Task
Everything in the entries below must be reproduced exactly, except the images.

Working data
%%
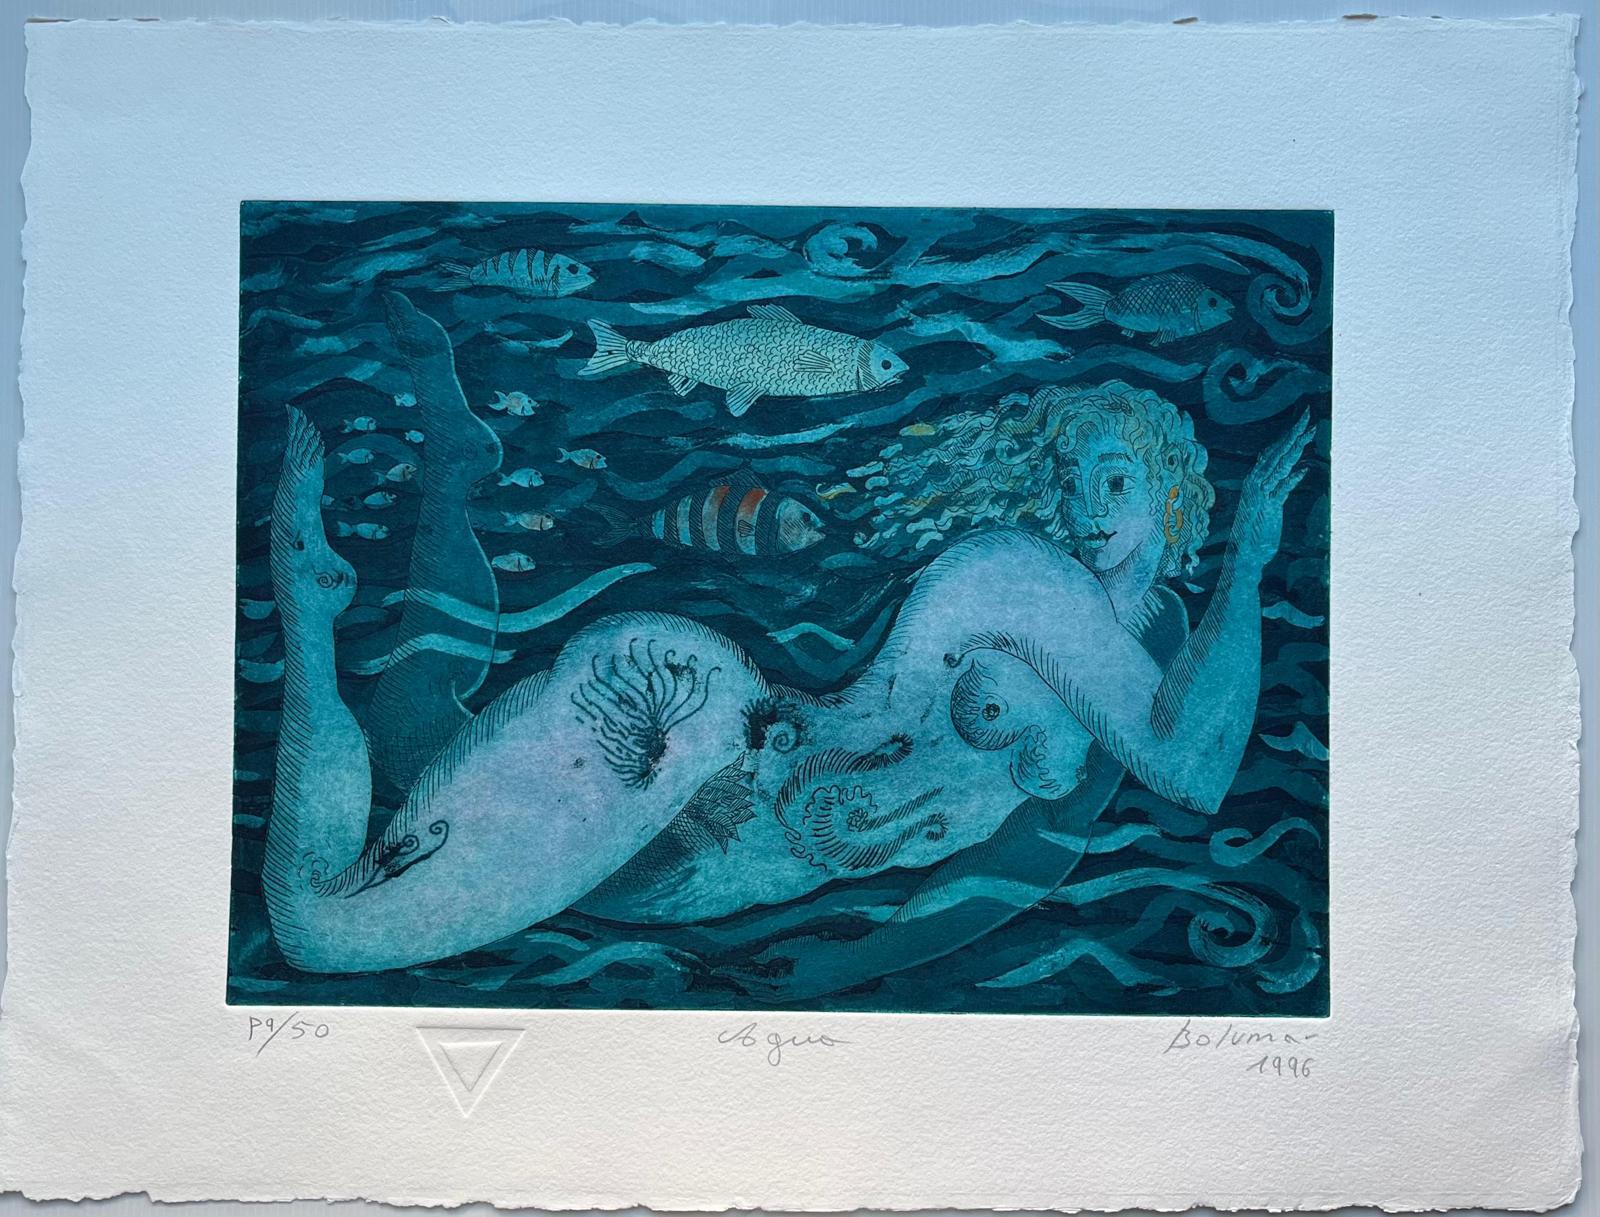 Magda Bolumar (Spain, 1936)
'Agua (Carpeta ""Los cuatro elementos"")', 1996
etching, aquatint on paper Rives BFK 300 g.
19.7 x 27.6 in. (50 x 70 cm.)
Edition of 50
Unframed
ID: BOL1268-003-050_2
Hand-signed by
%%
Expected output
 Magda Bolumar (Spain, 1936)
'Agua (Carpeta ""Los cuatro elementos"")', 1996
etching, aquatint on paper Rives BFK 300 g.
19.7 x 27.6 in. (50 x 70 cm.)
Edition of 50
Unframed
ID: BOL1268-003-050_2
Hand-signed by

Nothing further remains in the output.